This was originally an internal message and may refer to some of our 
projects, but the background information will be useful so have left 
references to these in.

We are having an issue with Google App Engine preventing us from making new 
deployments.

The error message is:

ERROR: (gcloud.app.deploy) Error Response: [4] Your deployment has failed 
to become healthy in the allotted time and therefore was rolled back. If 
you believe this was an error, try adjusting the 'app_start_timeout_sec' 
setting in the 'readiness_check' section.

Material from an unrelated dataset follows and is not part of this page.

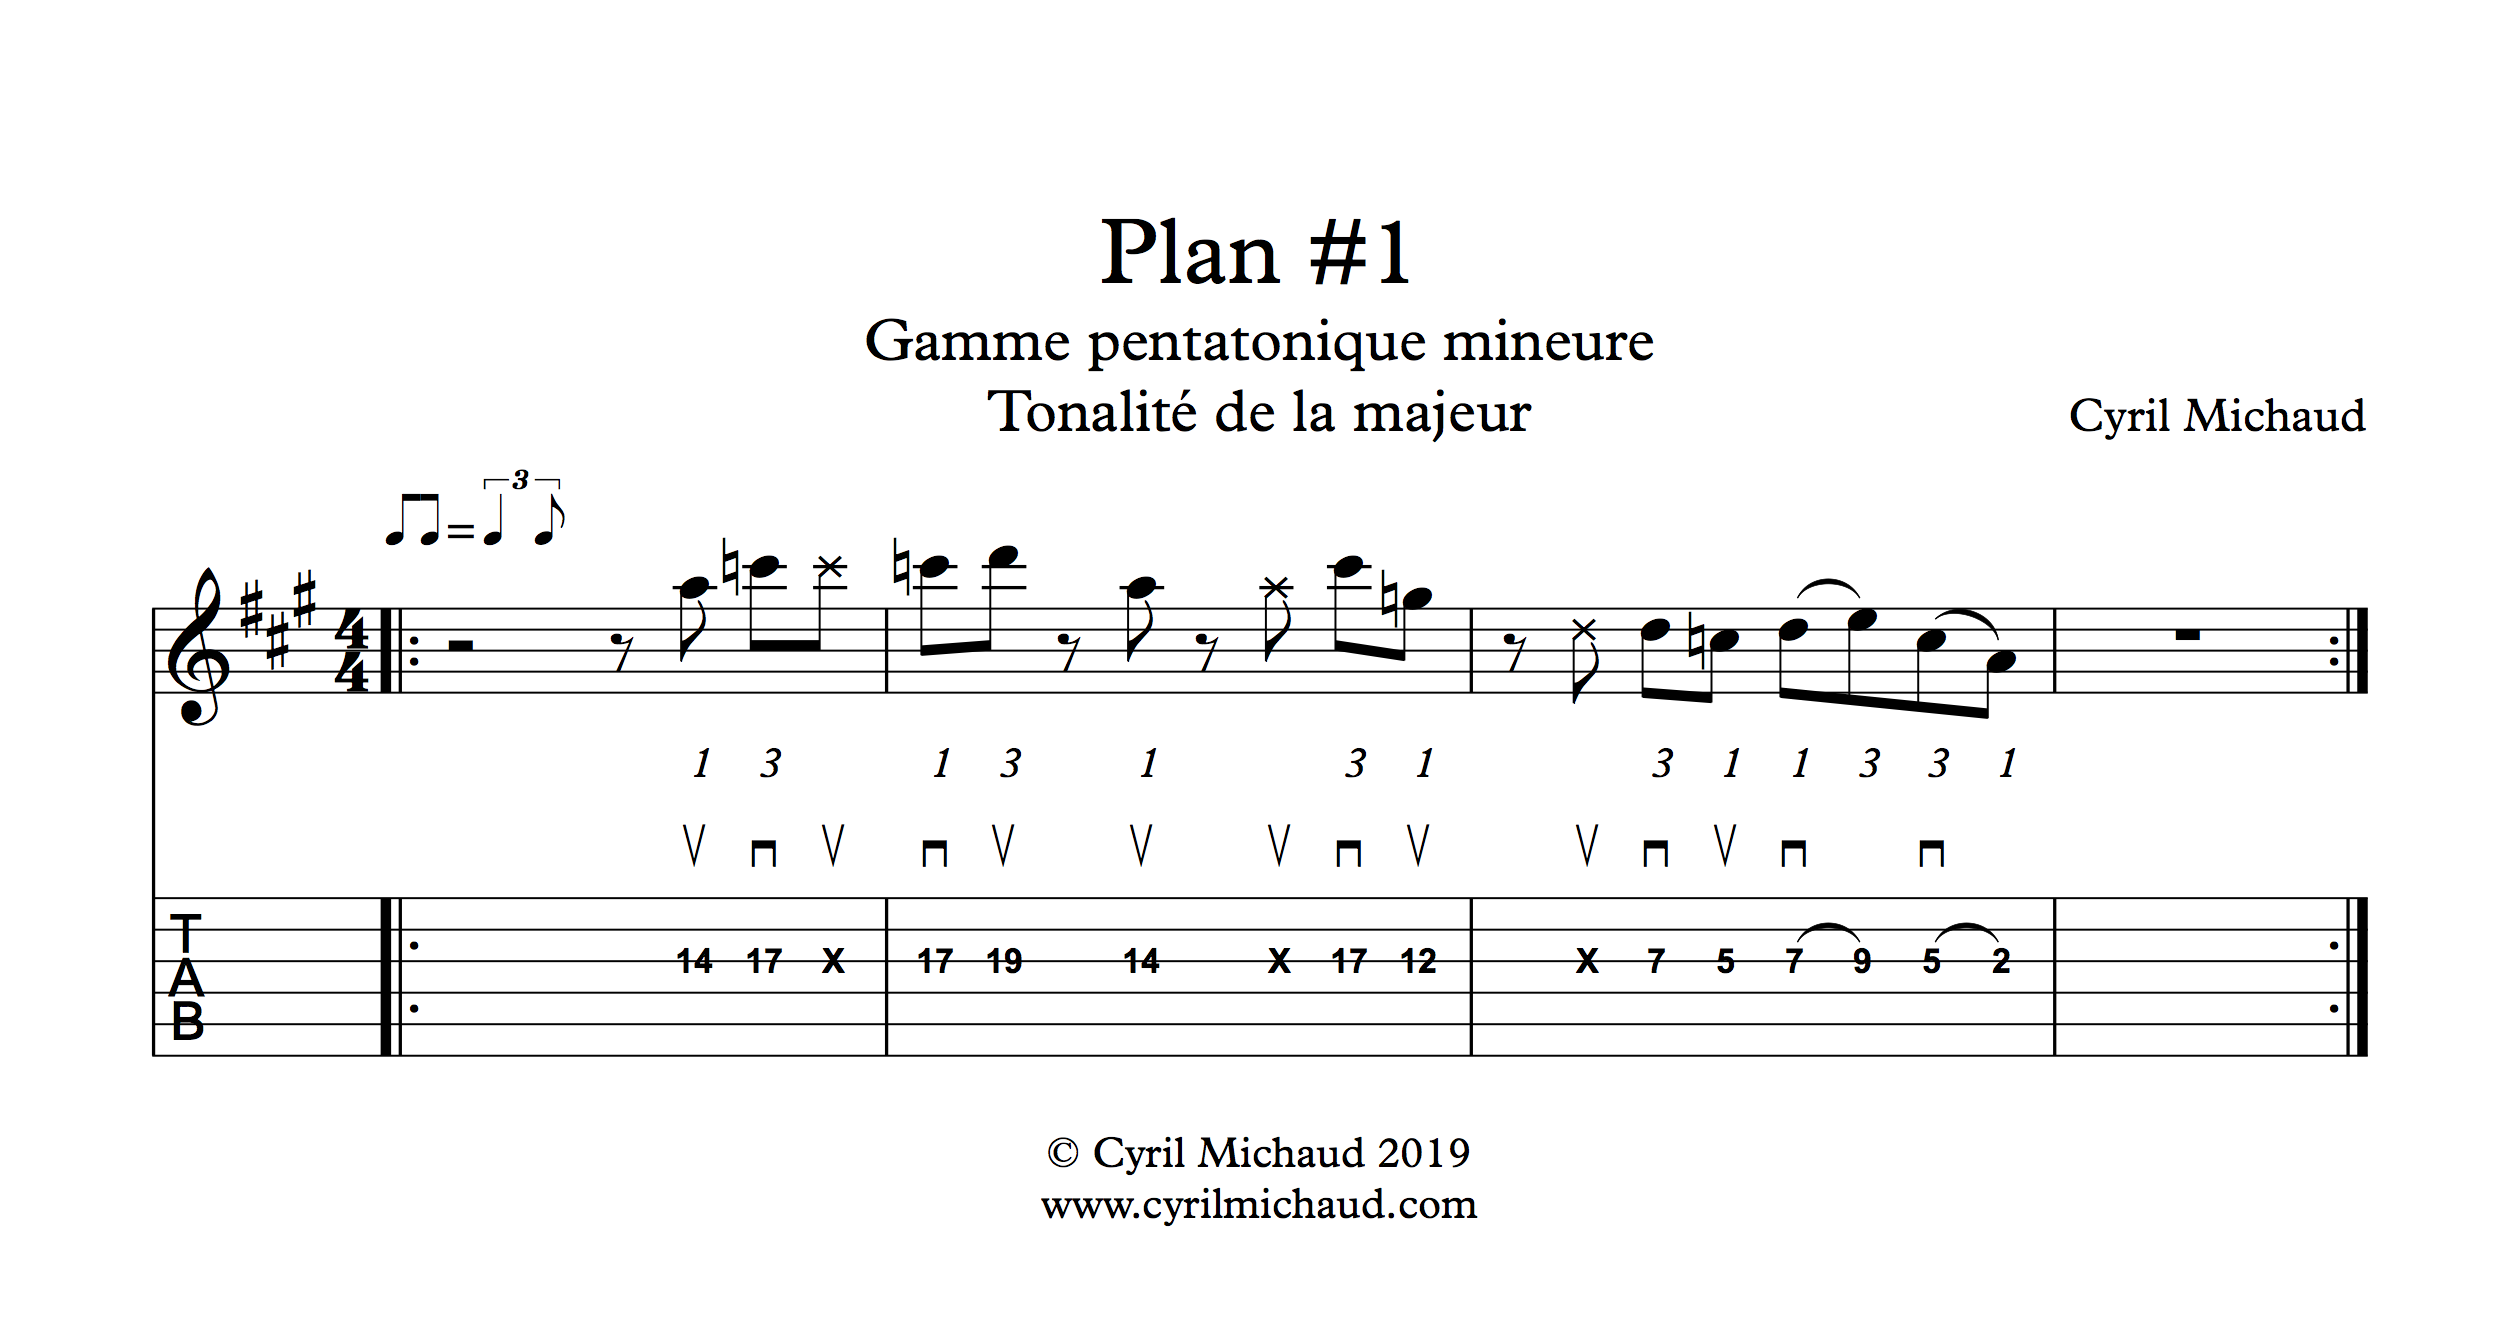 Plan blues sur la gamme pentatonique mineure (1)
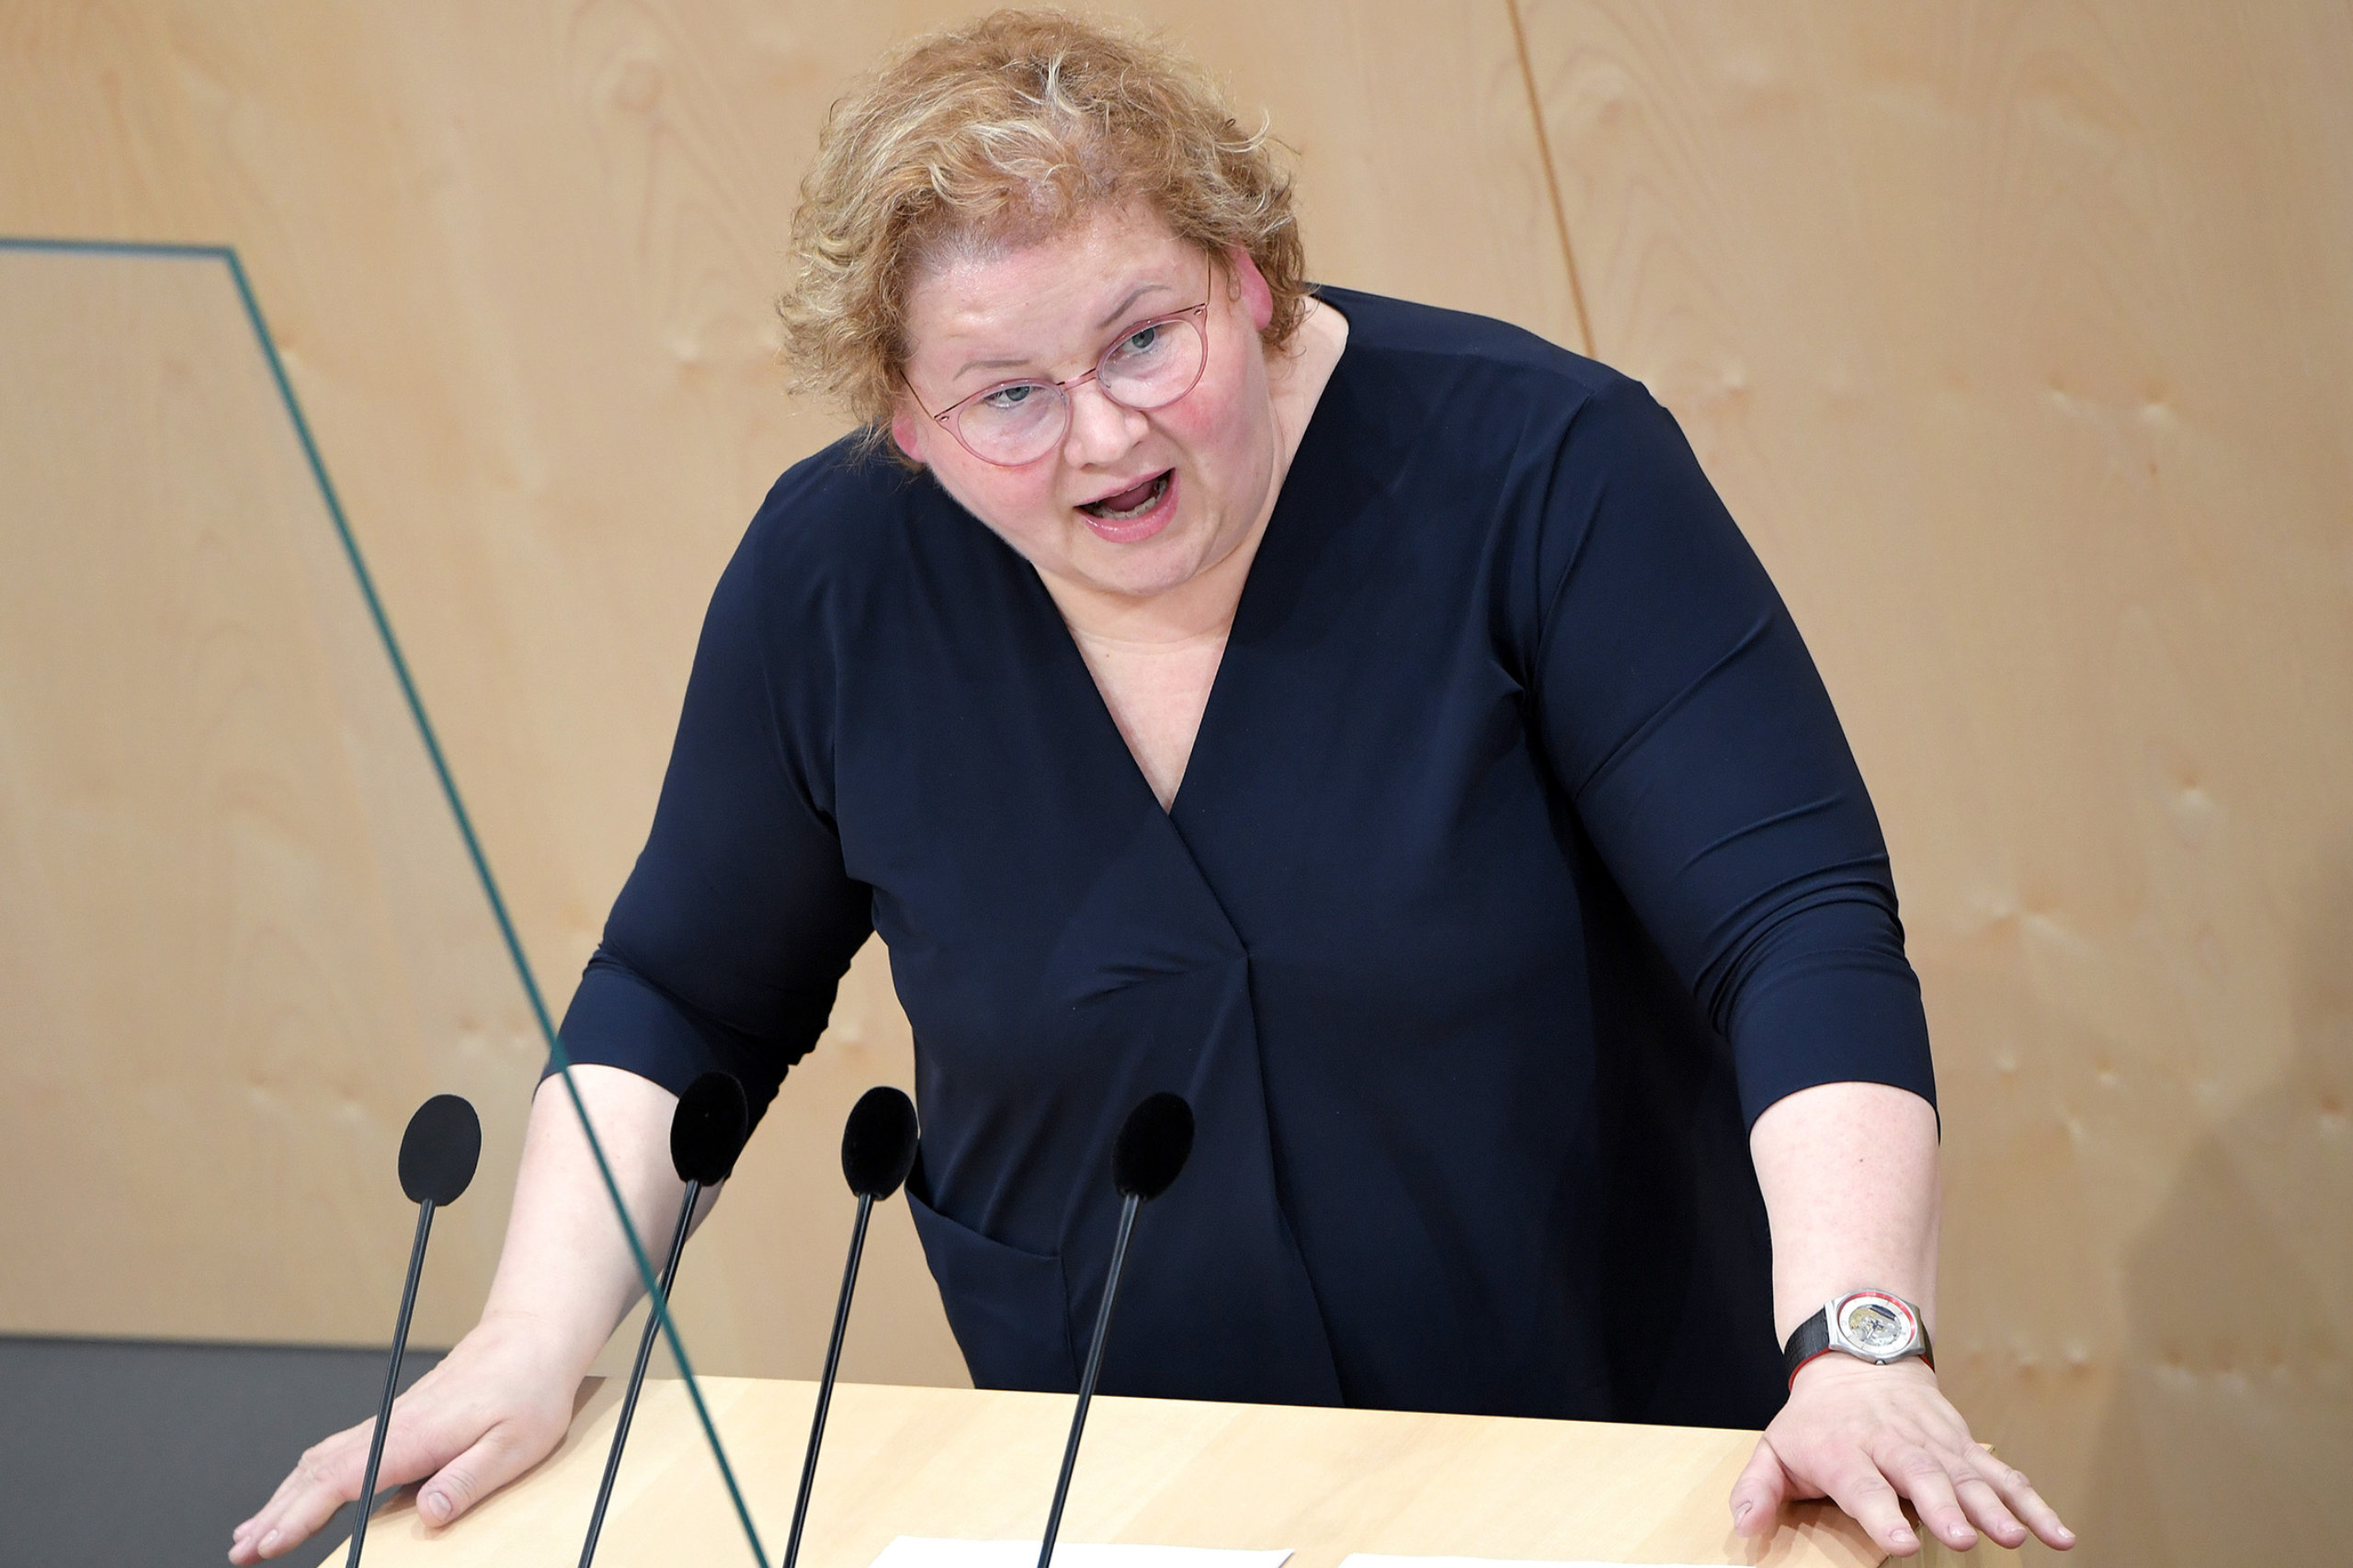 Korinna Schumann ist ÖGB Vizepräsidentin und Abgeordnete. Sie fordert den Ausbau der Elementarpädagogik.

This is a surprising error, especially as we haven't had issues with this 
until recently. It appears our changes earlier this year to prepare for the 
new Google App Engine split health checks didn't actually work, so when the 
system was deprecated on September 15th (mentioned here 
https://cloud.google.com/appengine/docs/flexible/custom-runtimes/migrating-to-split-health-checks),
 
no deployments worked from that point on. Health checks specification is 
listed here: 
https://cloud.google.com/appengine/docs/flexible/python/reference/app-yaml#liveness_path
.

The error message references the `app_start_timout_sec` setting, more 
details about this is found here: 
https://cloud.google.com/endpoints/docs/openapi/troubleshoot-aeflex-deployment. 
I didn’t think it was a timeout issue, since our system boots fairly 
quickly (less than the 5 minutes it defaults to) so I investigated the logs 
of a version of the app (from now on I’m talking about codeWOF production 
system unless specified). The versions only listed the ‘working’ versions, 
but when I looked in the Logs Viewer, all the different versions were 
listed, including those that had failed.

With the following `app.yaml` the logs were showing this error:


liveness_check:
    path: "/gae/liveness_check"

readiness_check:
    path: "/gae/readiness_check"


Ready for new connections
Compiling message files
Starting gunicorn 19.9.0
Listening at: http://0.0.0.0:8080 (13)
Using worker: gevent
Booting worker with pid: 16
Booting worker with pid: 17
Booting worker with pid: 18
GET 301 0 B 2 ms GoogleHC/1.0 /readiness_check
GET 301 0 B 3 ms GoogleHC/1.0 /liveness_check


This confirmed that the system had booted successfully and the checks were 
getting through but returning the wrong code, a 301 redirect instead of a 
200.  But also that the checks were going to the wrong URL, no prefix was 
shown.

I believed the redirect was caused by either the `APPEND_SLASH` setting, or 
the HTTP to HTTPS redirect. I tried the following configuration and got the 
following:

liveness_check:
    path: "/liveness_check/"

readiness_check:
    path: "/readiness_check/"


GET 301 0 B 2 ms GoogleHC/1.0 /readiness_check
GET 301 0 B 3 ms GoogleHC/1.0 /liveness_check

Same error as above, so it appears that setting the custom path does not 
affect where the health check is sent. Searching for the custom path in all 
logging messages returns exactly one message (summary below):


2019-11-06 16:24:14.288 NZDT App Engine Create Version default:
20191106t032141
livenessCheck: { path: "/liveness_check/" }
readinessCheck: { path: "/readiness_check/" }
Resources: { cpu: 1 memoryGb: 3.75 }

So this is the first thing to look into, is setting the custom path 
correctly, I couldn’t get this to change.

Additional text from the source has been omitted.